Ah, Dispenser again. Thanks :)
Well, I see no big problem with the above examples. No, my bot does not support all of them, and no, I do not think I can do so :)
  • I did not know about reference names being converted the same way the anchor are converted, I just implemented its support (using the url2unicode from pywikipedia ;) ). after adding a few identical references... the bot removes the identical. adding an encoded identical works the same : [1] (And yes, if some processing is needed, the decoded version will always be preferred)
  • Empty named references are just being ignored by my regex (i.e. not taken into account, ever. No merges, no duplicates flagging, and so on)
  • I just modified my regex to ignore "quote>bug". Previously, it would match "quote", which was wrong, and since I don't think there's a simple way to handle those very specific references, I'll just ignore them
  • I personally really dont care about XHTML spec, nor about removing 1 space from an article. I'll just leave it as it is, I don't think that having one more space will strain the servers, knowing that most of the time, DumZiBoT is removing duplicates hence reducing the overall text size
  • For that second task, I'm not working on references only containing a link. I work on all references. It means that fetching a domain name won't work all the time, as some references are just plain text. Also, I'd prefer acting very dumb, saying I'm not able to guess a proper name, to have the editors look into the reference if they want to find a proper name. "autogenerated" is plain and simple : a bot has inserted it; a guessed name, when not relevant, can be confusing, right ?
    While I apperiate your efforts in keeping the program content agnostic, most users do not rename references. A nice way to keep it content agnostic while still selecting parts to be rename is to have a configurable regex, like\|\s*last\s*=\s*(?P<refname>[^\w\s]+)|http&#3A;//+([^/]*?)(?P<refname>[^A-Za-z0-9\-]+)\.([^A-Za-z\.]{2,6})(:\d+)?/ which will (hopefully) capture the lastname of the author, failing that it will use the domain of the website. And don't take my earlier attempt of this, take the longest word and hope authors have long names, as anything that took more than 5 minutes to do. — Dispenser 04:01, 30 July 2008 (UTC)[reply]
  • As for reference merges when not perfectly identical... well... no, it's not this easy, I'm afraid :( I'd prefere to keep it rather simple, as the overall code is getting bigger and bigger...
NicDumZ ~ 18:31, 25 July 2008 (UTC)[reply]

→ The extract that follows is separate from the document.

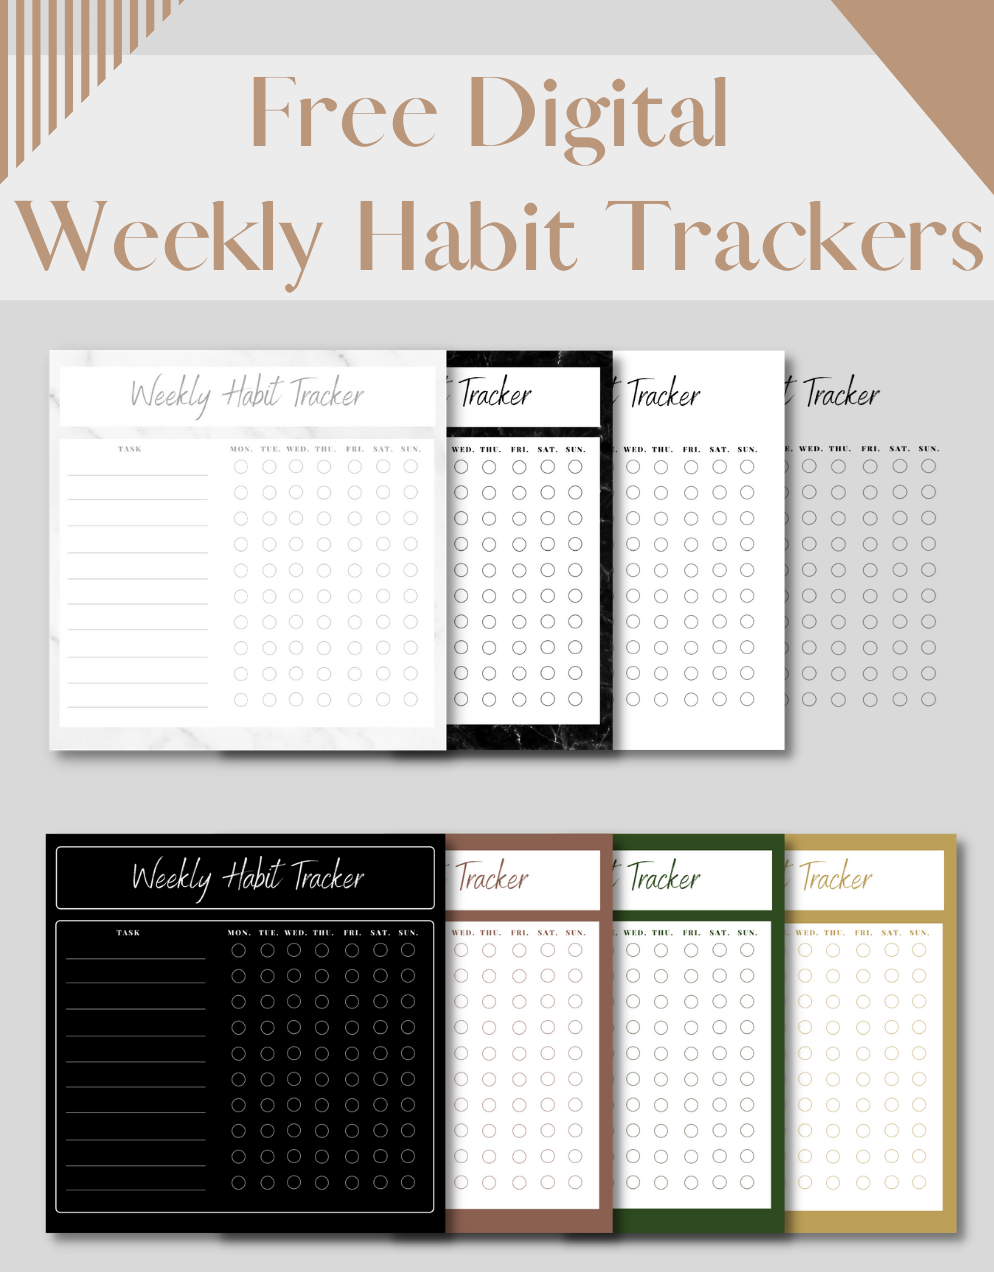 Free Digital Weekly Habit Trackers

I'd love to see this go through a couple thousand pages until it gets perfect, so that I can steal the tried-and-true code for my bot. . Seriously though, I advocate its formal approval here. – Quadell (talk) 23:21, 25 July 2008 (UTC)[reply]

I see cautions and ideas above, but no objections. NickDumZ has always been diligent with checking for errors and fixing them promptly. I'm confident that this task will be performed carefully responsibly. – Quadell (talk) 12:25, 31 July 2008 (UTC)[reply]

((BAGAssistanceNeeded))

Approved for trial (50 edits). Please provide a link to the relevant contributions and/or diffs when the trial is complete. MBisanz talk 12:40, 31 July 2008 (UTC)[reply]
Okay, already spotted this kind of buggy edit. I'm adding nowiki tags around ref contents to solve the problem :)
NicDumZ ~ 13:16, 1 August 2008 (UTC)[reply]
Also fixed this kind of edits (the URL wasnt parsed correctly because of the spaces in the title) :) NicDumZ ~ 15:41, 1 August 2008 (UTC)[reply]
Here are 50-ish edits... :) NicDumZ ~ 12:11, 2 August 2008 (UTC)[reply]

 Approved. Looks harmless, useful, and appropriate. (You have the honor of my first RfBA closing.) – Quadell (talk) 13:39, 6 August 2008 (UTC)[reply]

The above discussion is preserved as an archive of the debate. Please do not modify it. Subsequent comments should be made in a new section.